I don’t always buy a book when I go there. At least half the pleasure in visiting this place is in browsing with no particular aim other than the search for something inspirational. My choices are therefore driven as much by mood as by the titles. My price limit also varies widely according to mood, and for all I know the cycles of the moon as well. I once parted with £25.00 for a copy of Jung’s Mysterium, a book much revered by psychoanalysts – and which I have not the Latin to decipher. At other times I am loathe to part with £5.00 and come away empty handed, dejected that nothing has taken my eye. To be sure, bookshops like this are mysterious places.

Last Saturday it was Wordsworth – well, not so much him as an idea inspired by him. I’d been revisiting the Romantics, thinking back on things I’ve written about Romanticism – most of it rubbish, but some of it still holding the test of time. And there it was, lurking upon a shelf of rather lack-lustre books, pressed a little to the back as if shy of the limelight: Wordsworth’s collected poems, dated 1868.

It was a handsome little volume – red cloth binding, the pages gilded, and the backing boards beautifully bevelled so the book turned smoothly in my hands like a bar of silky soap. Inside, among the familiar poems, there were engravings – intricate drawings, each protected by its own little insert of tissue paper. It was delightful. It might have been placed there only recently – or been there for twenty years, always escaping my eye until now. Only now did it speak to me. But what was it saying? Here are the poems of William Wordsworth, Michael? Read them? No, I already own a copy of his collected works. It wasn’t that I needed another. There was more going on here. All I know is I wanted it.

An expensive book, I feared, but no – £4.50 was its considered worth, which placed it within the means of my capricious and, of late, austerity-conscious pocket. It could be mine. It would be mine.

I am not a book dealer or a collector. I do not browse these shelves for unknown money-treasures in order to sell them on. The vendor is, after all, an antiquarian dealer of some renown, so I presume the real collectors’ items have already been filtered out of this very public domain – leaving only the dross, where treasure is to be found only in sentiment. I was under no illusions then; to a dealer in books this book, pretty thought it was, was worthless.

Was it really only sentiment then that drew my eye? Could sentiment take my breath away like this and fill me with a such possessive craving for a thing that was otherwise of no use nor value to me? Perhaps it was simply its great age and the fact I have a track record in collecting old and useless things. The Sage of Grasmere had not been 20 years dead when this book was issued, and here it was, still in marvelous condition –  a little frayed at the top and bottom of the spine, but otherwise pristine. Clearly it had been respected throughout its life, and was that not reason enough to earn my own respect now? Or was it that the book lain neglected behind the glass of some unfrequented country house library, untouched by sticky fingers – and now at last had come its chance to be handled, to be loved. Is that why is spoke to me?

It was a mystery, but one I was clearly in a mood to ponder in slower time. For now the priority was merely to rescue it, to possess it.

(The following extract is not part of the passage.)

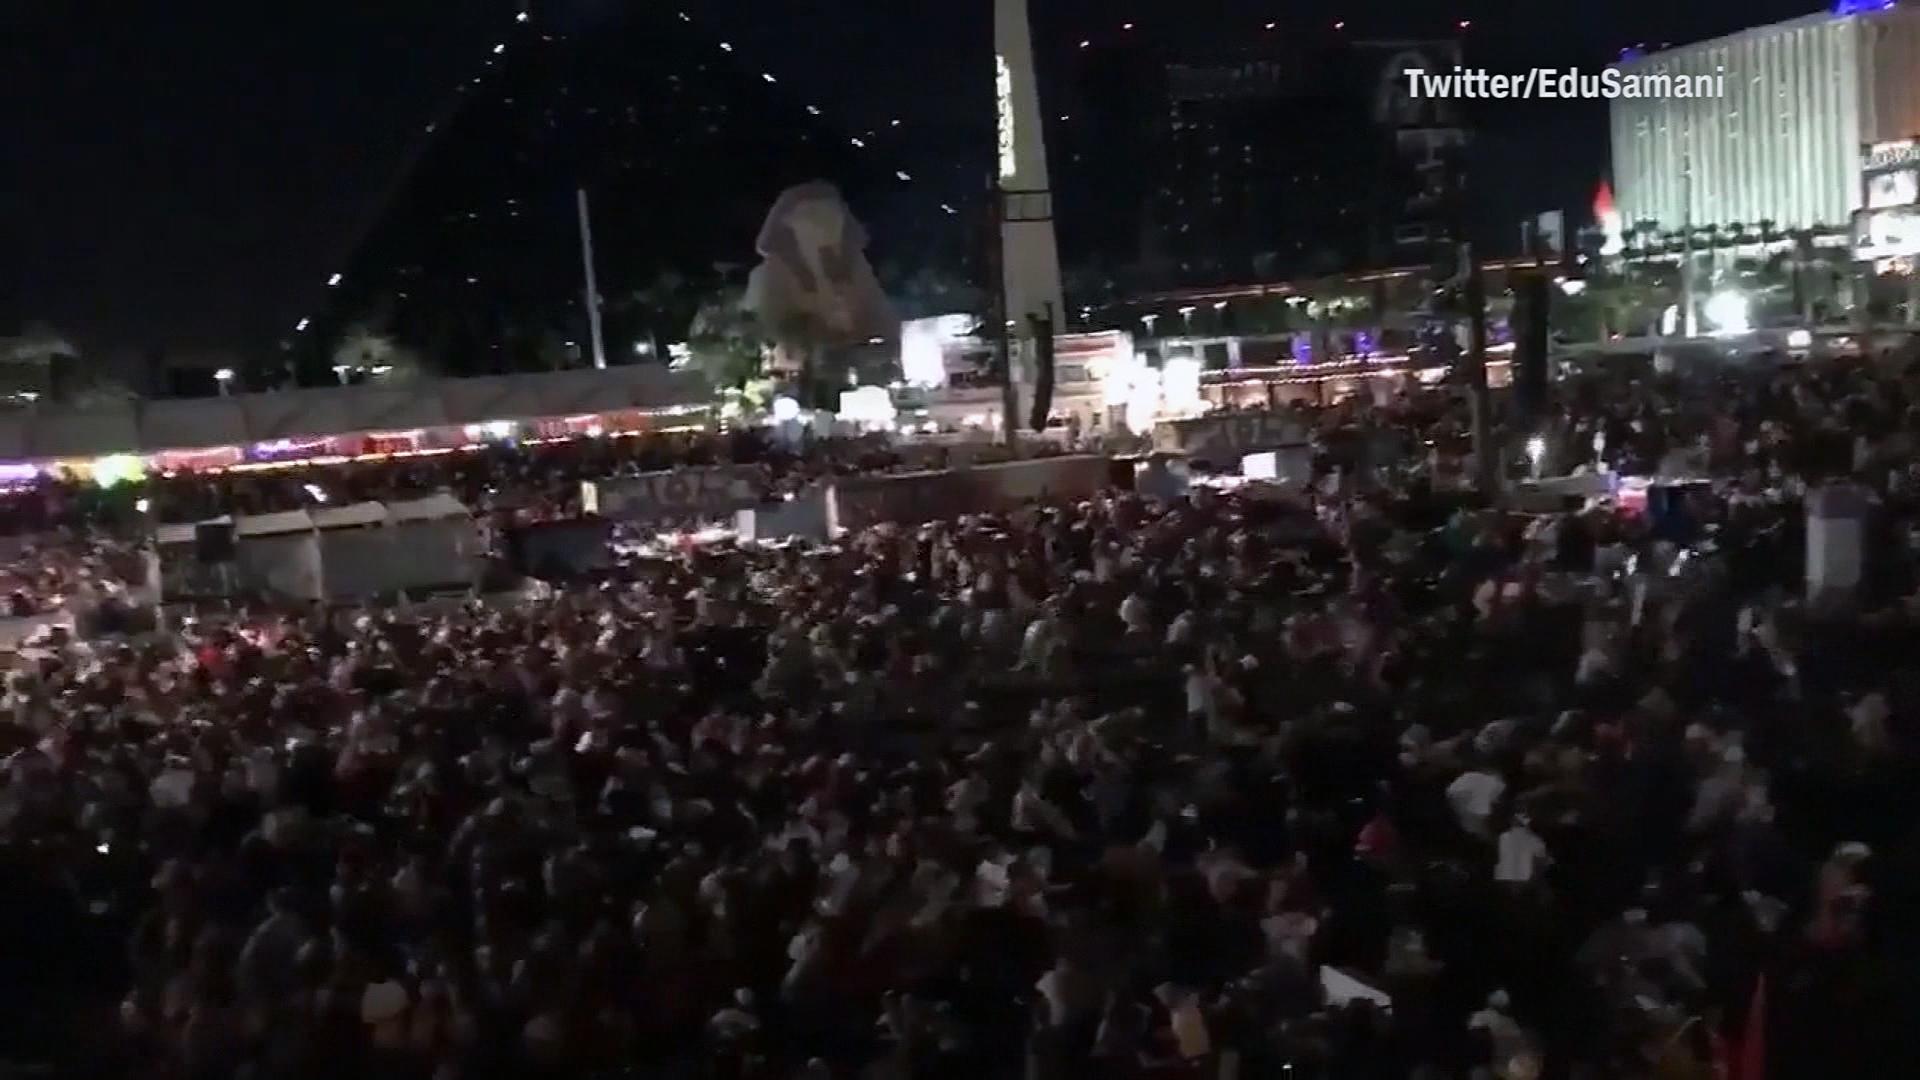 Las Vegas shooting Twitter video from CNN PKG-159532.jpg52019344
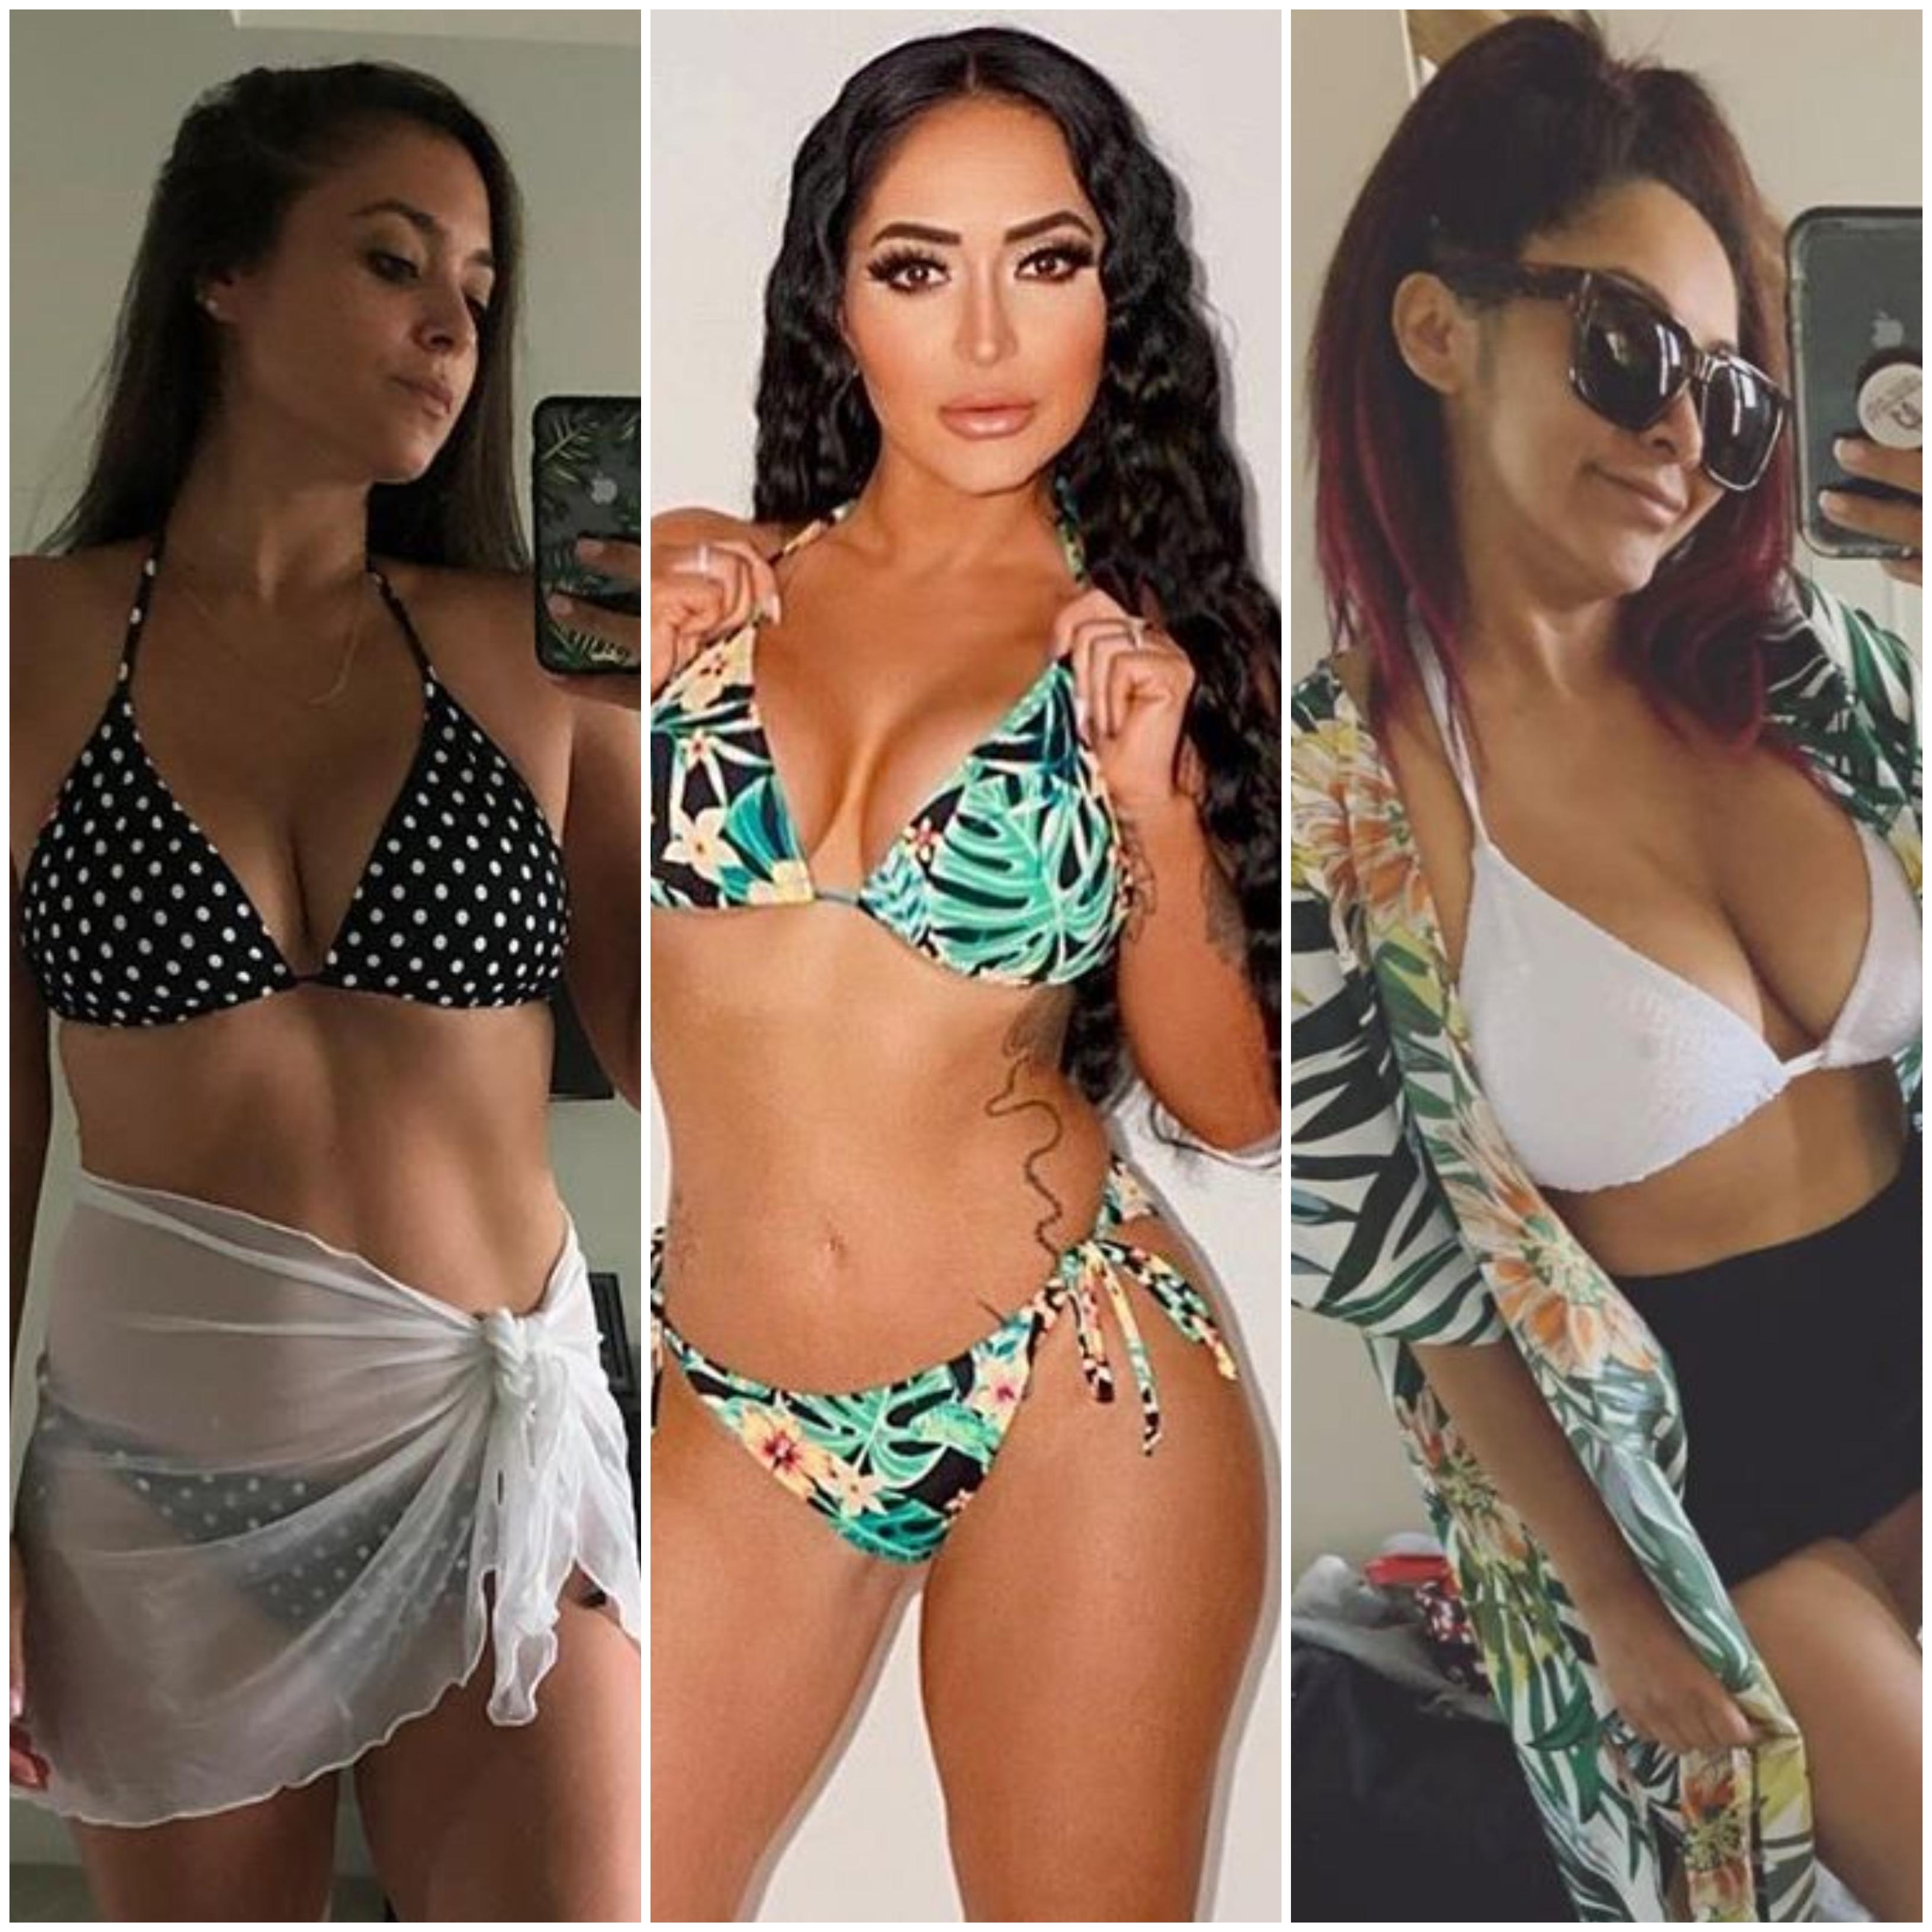 Jersey Shore's Hottest Bikini Photos: Snooki, JWoww, Deena and More

I took my prize downstairs to the lady at the till and she looked upon it with a genuine delight. She ran her long pale hands over the cover as I had done a moment ago, and in doing so shared with me the loveliness of it.  Her actions, unconsciously sensual and simple enough on her part, were to my romantic eye like holy devotions and they amplified an already growing numinosity. Then she wrapped it carefully, folding the paper with a neat, practised precision, deft fingers twisting the knot, an enchantress sealing in the spell of that afternoon – an afternoon possessed suddenly of a richness and a fertility I had not known in such a long, long time.

I emerged from the shop tingling with something that ran far deeper than the mere purchase of an old book. But what was it?

I’ve had that book for four days now and you might think it curious but  it rests upon my  desk, still in its tight little wrapping. I do not want to open it in case the magic of that afternoon evaporates. While I keep it wrapped, you see, the spell remains intact and only good things can happen from now on. The glass will for ever be half full,… never again half empty. But such an obsessive devotion as this is stretching things, even for me, and I realise it’s in my little foible – some might say my weakness – the mystery of that afternoon is revealed.

One cannot really capture a moment like that, any more than one can capture its essence in a photograph. All you’re really left with at the moment of capture is a dead thing. As I’ve written before, and keep telling myself, as if for the first time anew, the moment comes from within and cannot be contained in any “thing”. Curiosity will eventually overcome my obsessive Romantic sentiment, and I will snip open that package to discover all that lies inside is just a worthless old book, a little more world-worn and weary than I remember it.

The real power lies always in the moment and it will always be erased by time until we can find a way of staying in the moment all the time. If we can do that then every moment becomes imbued with a mysterious presence, a presence that has the power to inspire and elevate us beyond the mundane. There we discover that the meaning of our lives – the meaning we might have searched for all our lives – was never really lost. Nor was it such a big secret anyway, nor less a thing to be toiled at, nor pondered over with our heads in our hands, nor winkled out of the dusty tomes of several millenia’s worth of arcane spiritual teachings. It was there all the time; the numinous, the sheer pullulating exuberance of life.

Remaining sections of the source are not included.